I have trained a resnet50 model. When running inference using an early checkpoint (0003.params) on CPU, it runs on reasonable speed. However, it is much slower to run inference using a later checkpoint (0023.params) on CPU. Both models runs very fast at similar speed on GPU. I ran the profile and it turns out that the issue is at Conv Layer, where some Conv take up to 110ms.
Here are the profiling results:
fast model 0003.params on CPU:
Profile Statistics:
Note the difference in units for different entries.
Device Storage
=================
Name Total Count Min Use (kB) Max Use (kB) Avg Use (kB)
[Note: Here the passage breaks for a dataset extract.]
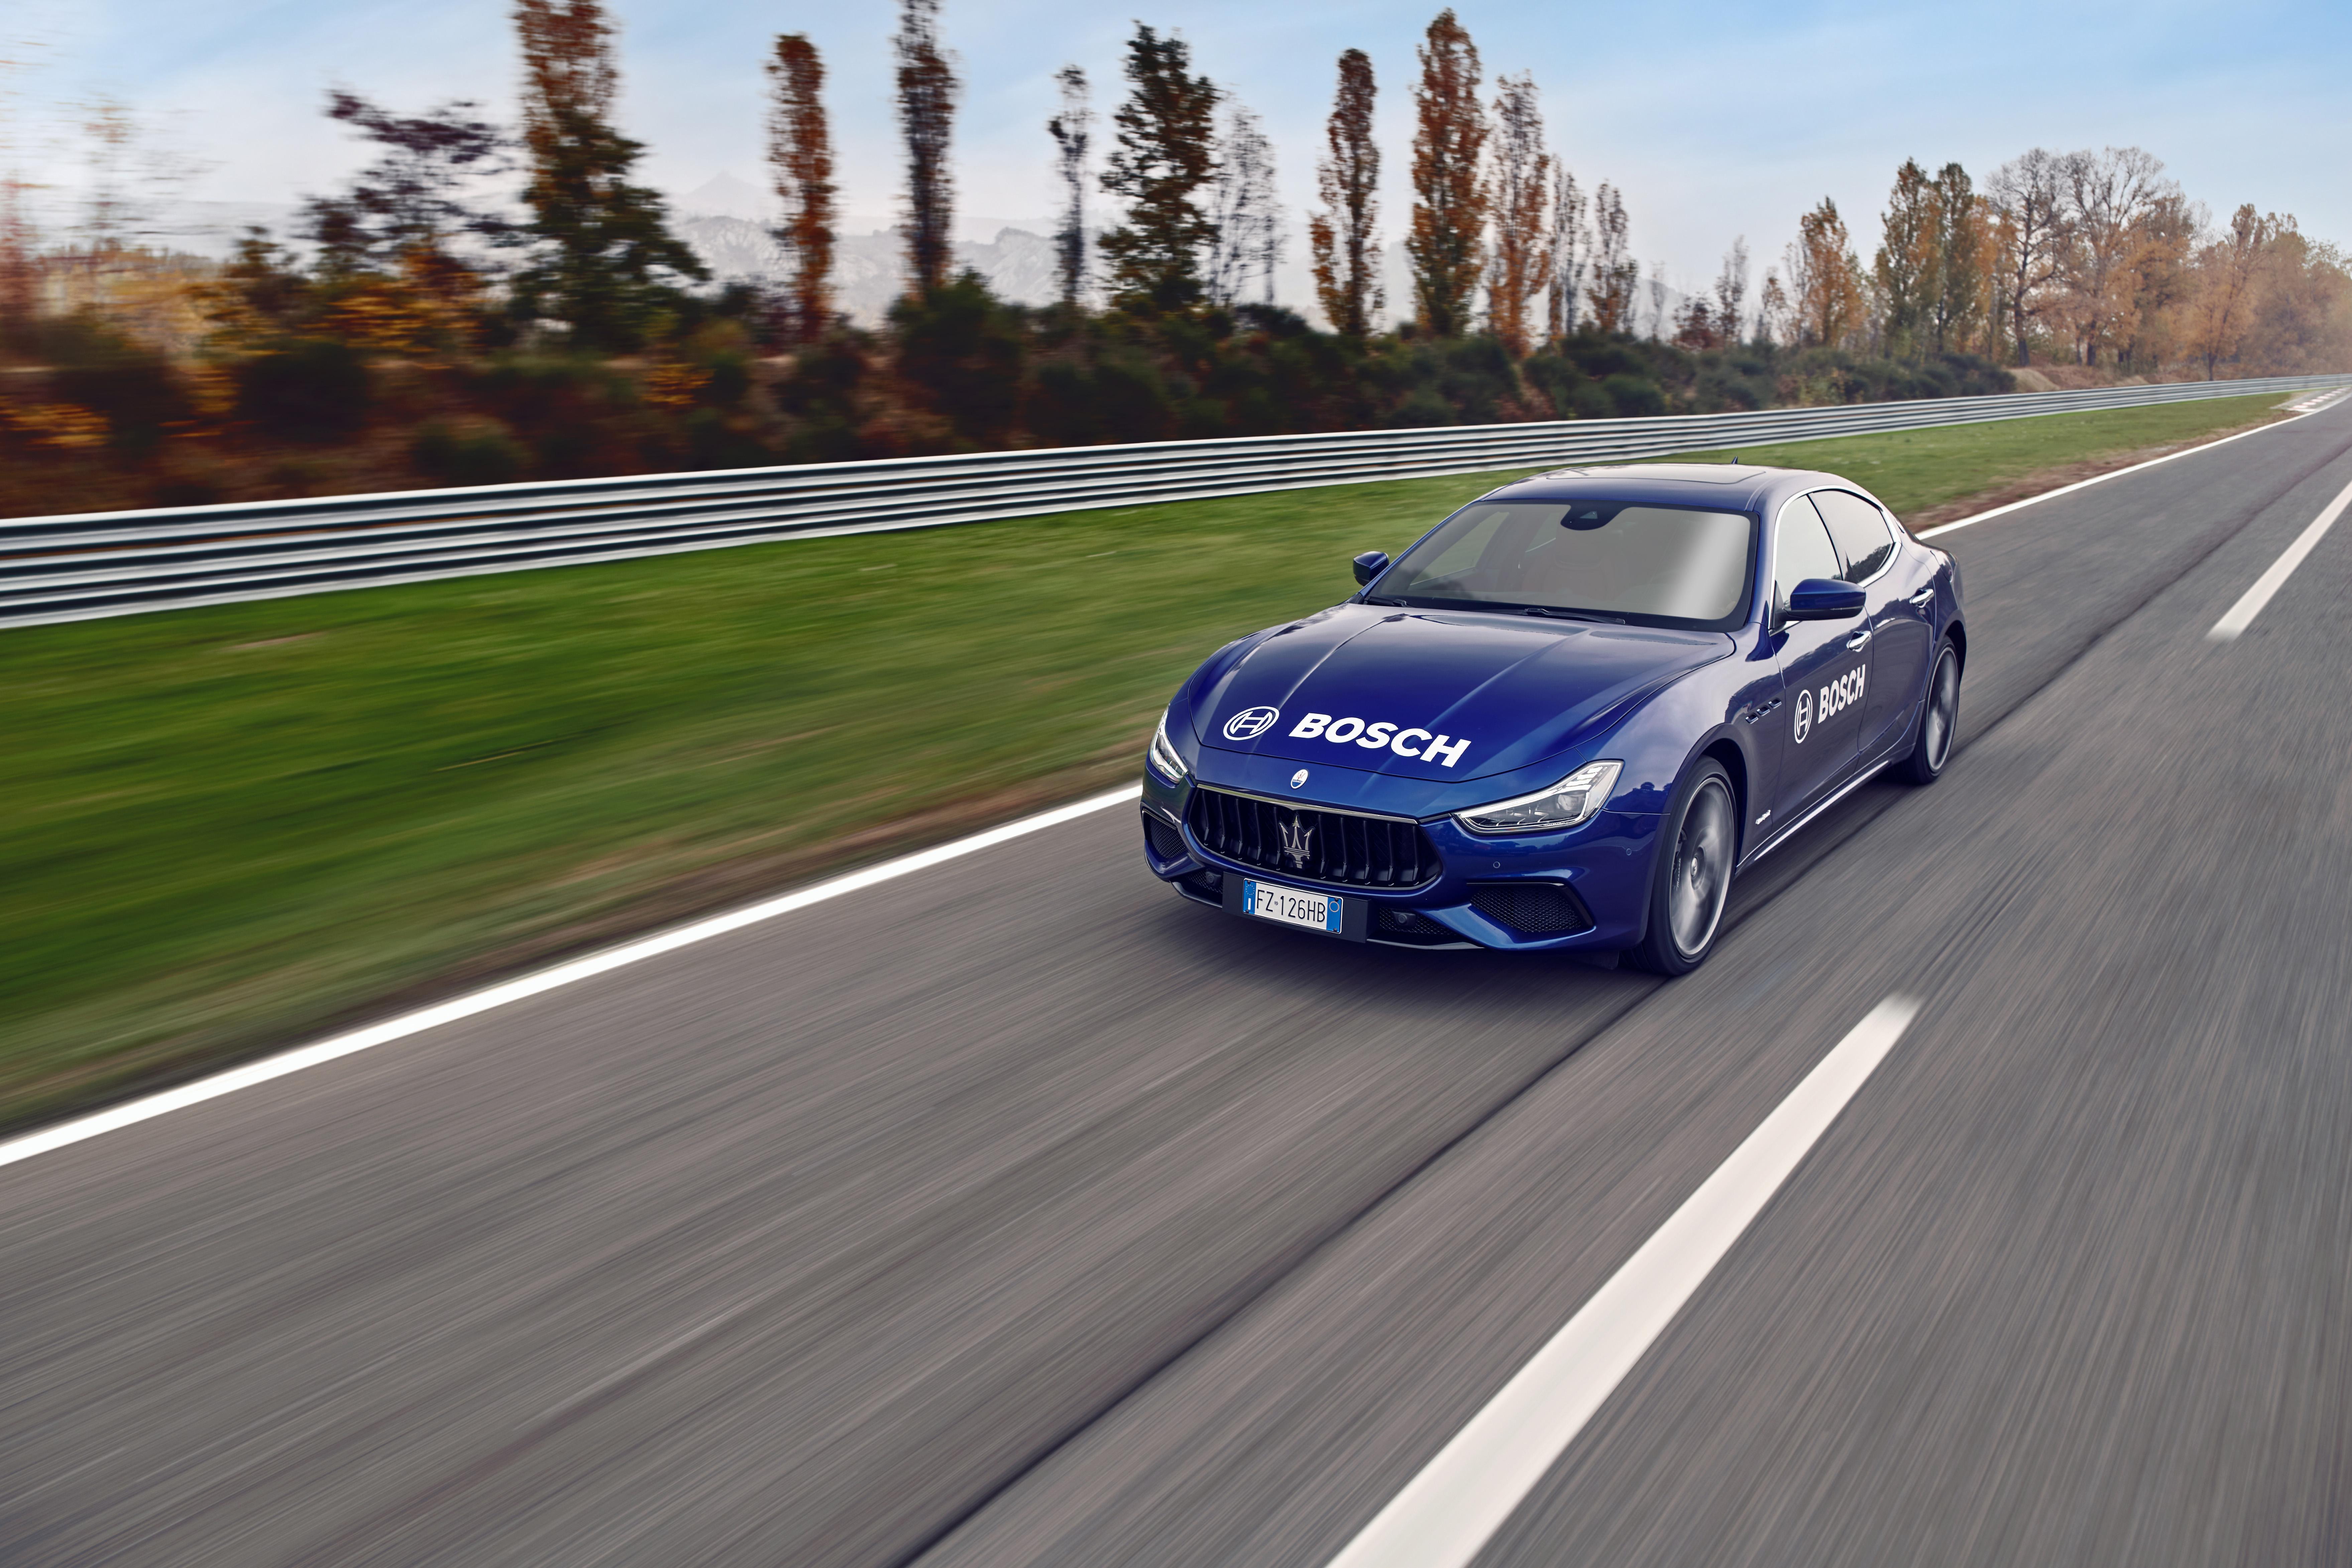 Bosch for Maserati Ghibli Hybrid_04
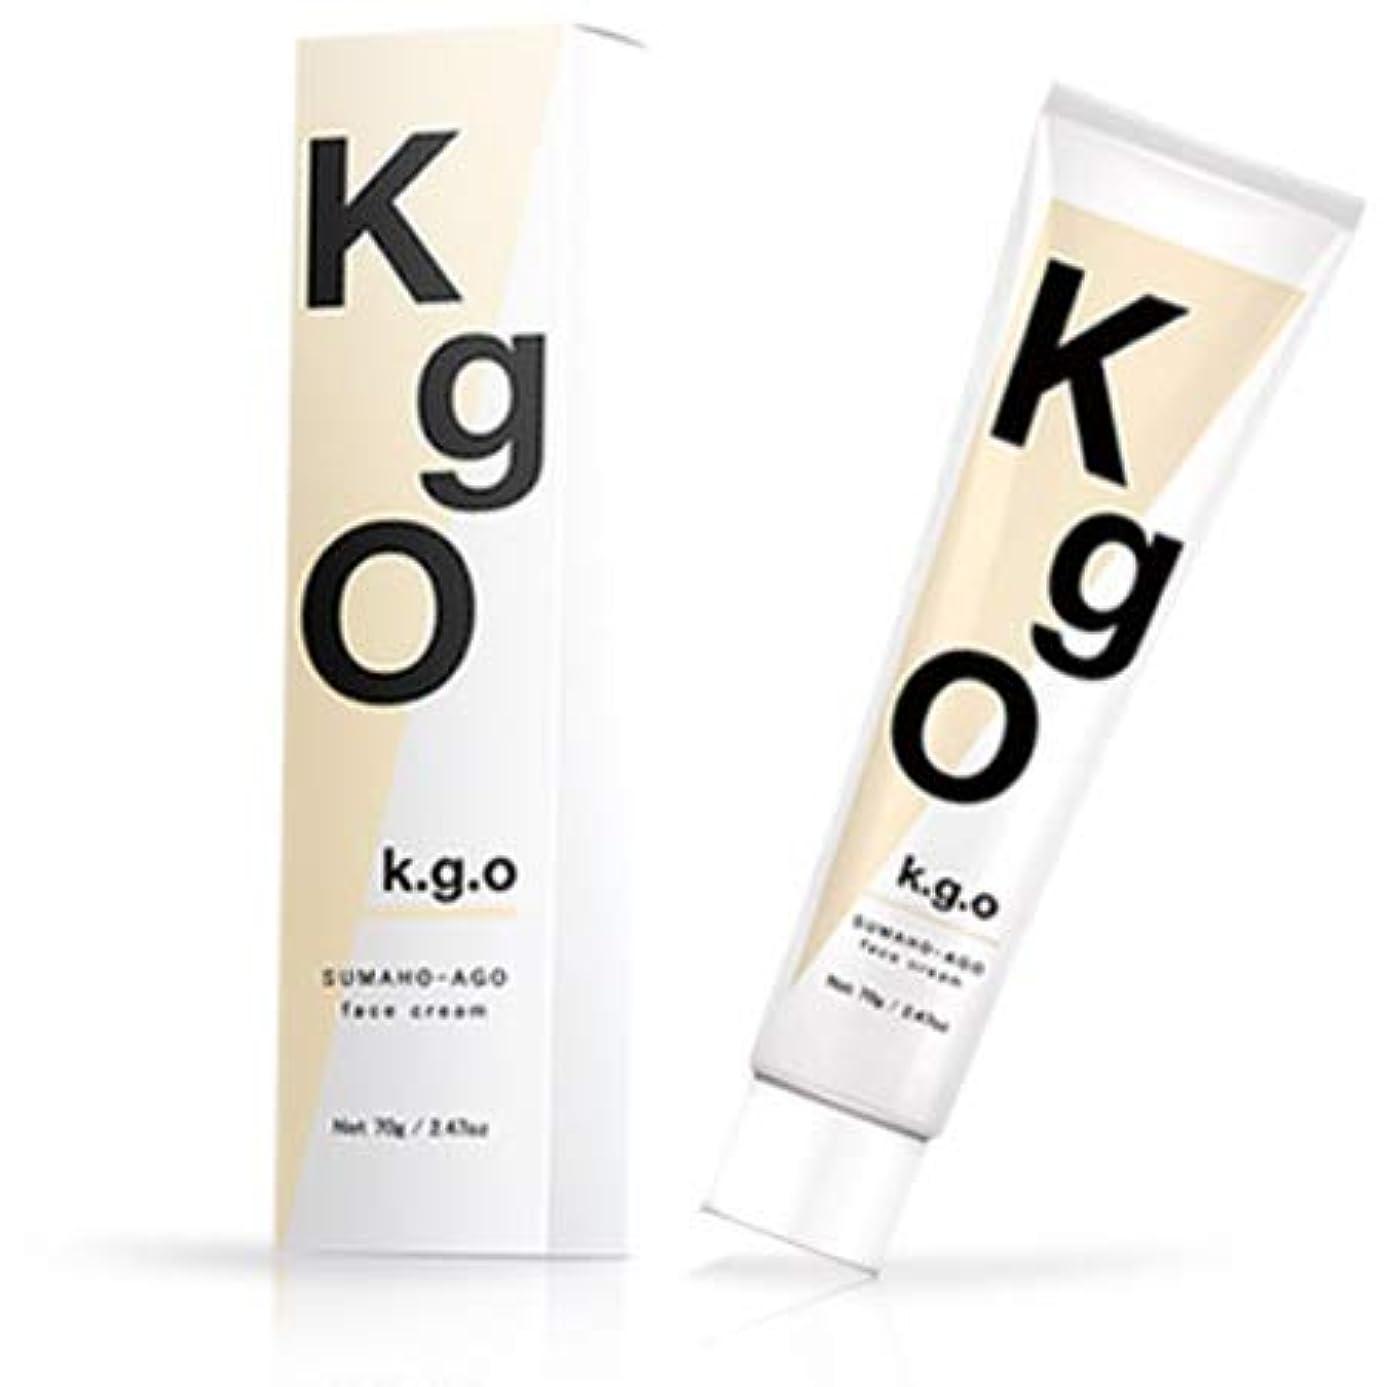 キャラクター吹きさらし統治可能K.g.O SUMAHO-AGO face cream ケージーオー スマホあご フェイスクリーム 70g (単品)

---- ----------- ------------- ------------- -------------
Memory: cpu/0 672 0.0000 214184.3125 107092.1562
MXNET_C_API
=================
Name Total Count Time (ms) Min Time (ms) Max Time (ms) Avg Time (ms)
---- ----------- --------- ------------- ------------- -------------
MXNDArrayWaitAll 1 5506.6421 5506.6421 5506.6421 5506.6421
MXExecutorForward 100 13.2700 0.0760 0.3040 0.1327
MXNet C API Calls 2301 2.3010 0.0010 2.3010 1.1500
MXImperativeInvokeEx 100 1.5130 0.0090 0.0560 0.0151
MXNDArrayGetShapeEx 1200 0.3880 0.0000 0.0090 0.0003
MXNDArrayReshape64 100 0.1490 0.0010 0.0040 0.0015
MXExecutorOutputs 100 0.0730 0.0000 0.0020 0.0007
MXNDArrayGetContext 200 0.0390 0.0000 0.0010 0.0002
MXNDArrayFree 200 0.0340 0.0000 0.0010 0.0002
MXNDArrayGetDType 200 0.0250 0.0000 0.0010 0.0001
MXNDArrayGetStorageType 100 0.0150 0.0000 0.0010 0.0002
MXNet C API Concurrency 4602 0.0000 0.0000 0.0010 0.0000
operator
=================
Name Total Count Time (ms) Min Time (ms) Max Time (ms) Avg Time (ms)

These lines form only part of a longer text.